A lot of people (including myself) won't re-encode their existing music collections into another lossy format to avoid degradation in sound quality.

Also, as much as it sucks these days, a lot of people (including myself) are still in the Apple ecosystem (formerly iTunes, now Music.app). For these people, mp3 seems to be the best compressed format that's compatible with the rest of the world.

I use MP3 a lot myself, so I built this tool around it.

Cjam is designed in a way that makes it easy to adapt to other small, lossy formats as well, so it has potential to go beyond MP3 in the future.

You're right, but mp3 is still even more widely supported. It is also good enough, most people can't tell the difference between original files and around 128kbps ABR mp3 files, let alone higher bitrates. And there are huge personal libraries of mp3 files out there that are not going away.

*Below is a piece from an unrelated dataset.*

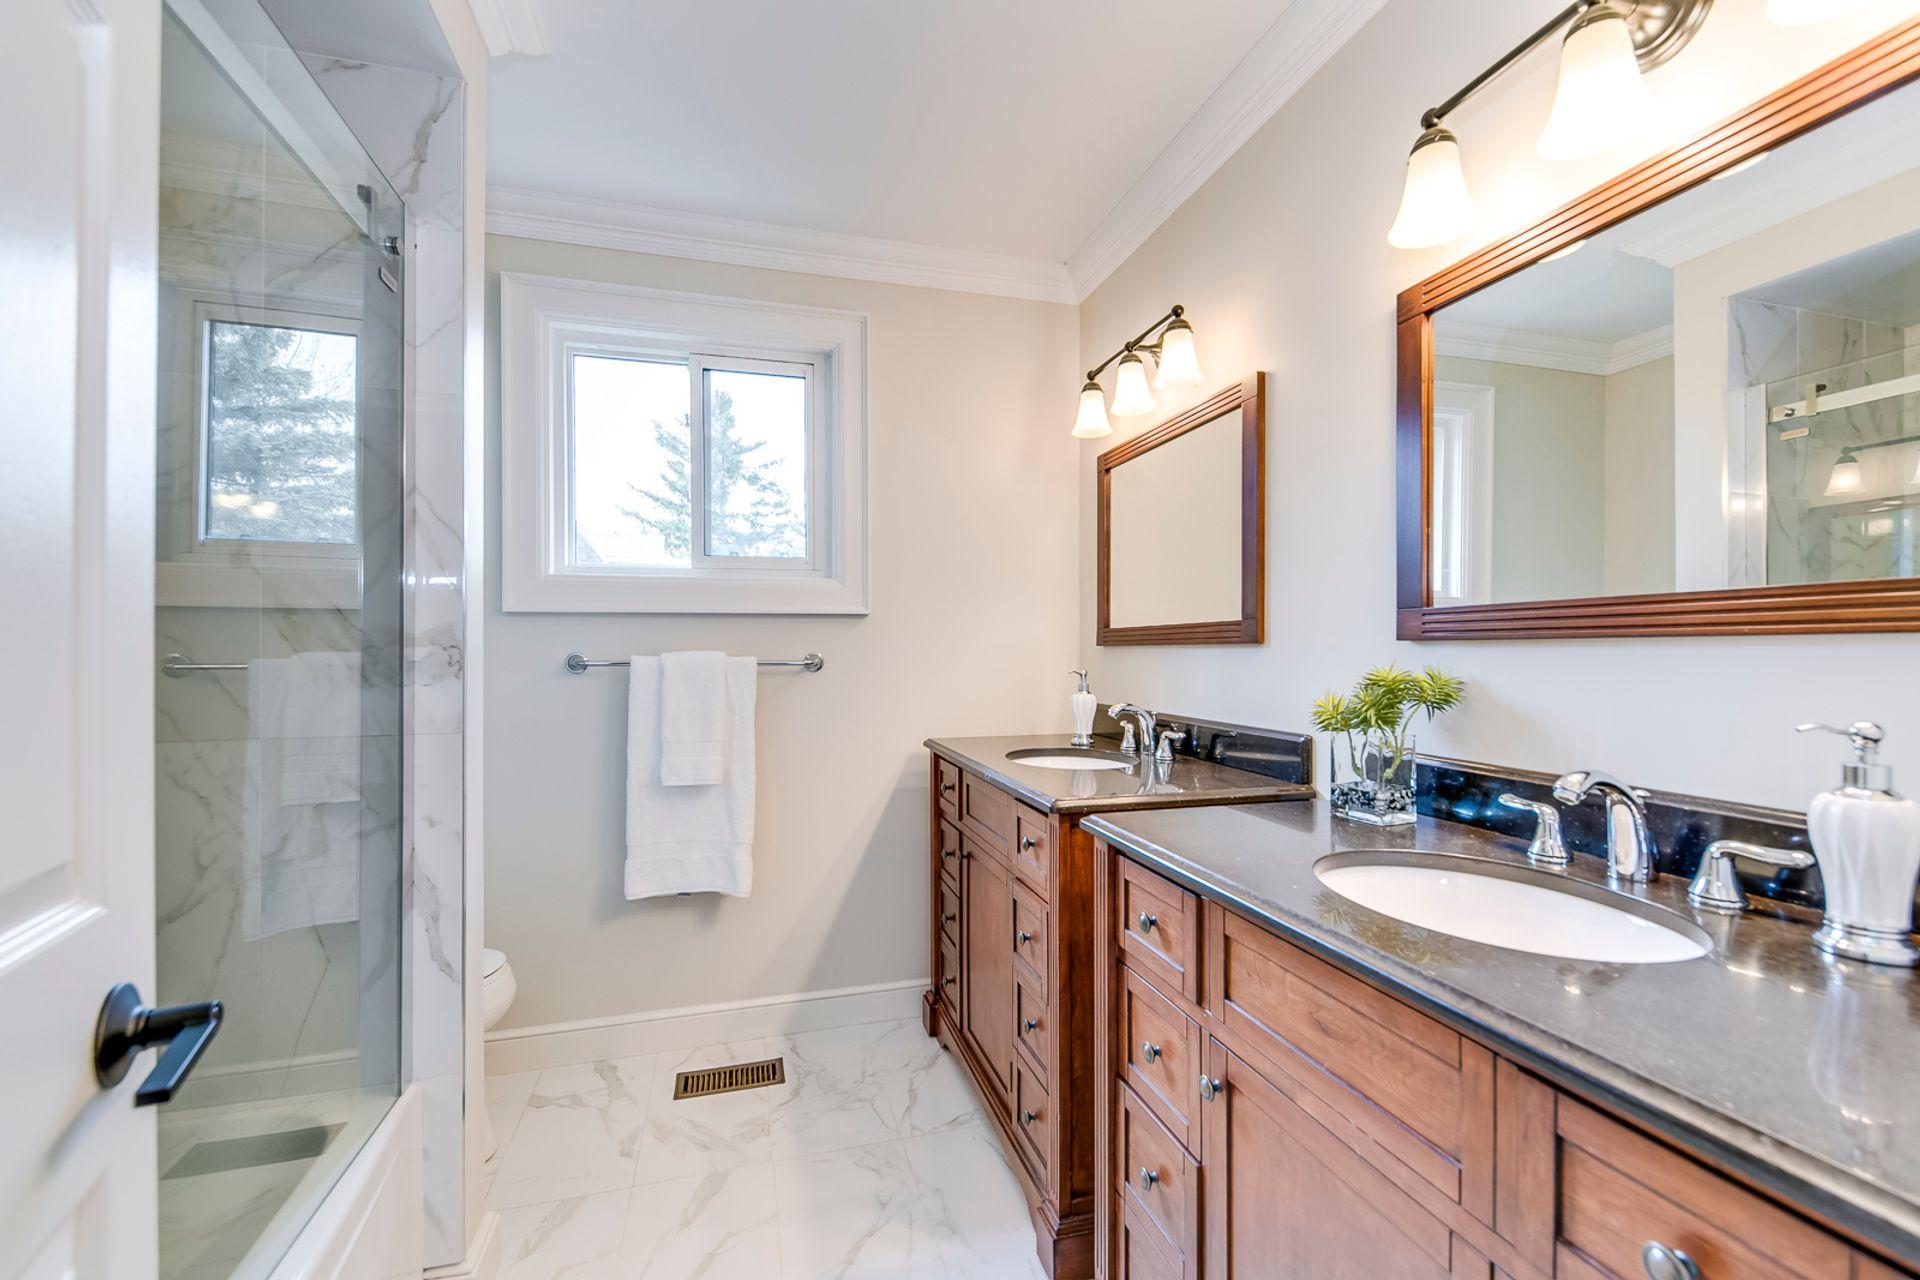 Main Bathroom - 2275 Daffodil Court, Oakville - Elite3 & Team at 2275 Daffodil Court, Eastlake, Oakville

That said, I don't see the use of this tool. It's a proprietary tool that does basic things for which free tools (in every sense of the word) have existed for a long time now.

Cjam includes features that don’t exist in other tools, and it’s freeware.
> BTW is mp3 still relevant now? It seems that AAC, Opus, and Vorbis are all clearly superior, and widely supported. What makes mp3 still worth considering?

It is incredibly relevant. MP3 is the baseline standard for lossy compressed audio. If you have an MP3, you can play it and convert it anywhere. There are definitely benefits of AAC and others, but they are not great enough to forgo the universality of the MP3 format when all you want is 2 channel 16 bit 44.1khz audio.

Can you explain in layman terms, what’s the point here? Editing without re-encoding?
I rethought MP3 editing without decoding/re-encoding for today’s hardware.

Existing tools tend to focus on one action at a time, like splitting or joining files. But Cjam lets you define multiple actions across multiple files at once using scripts. So it makes it easier to create and share more complex editing workflows.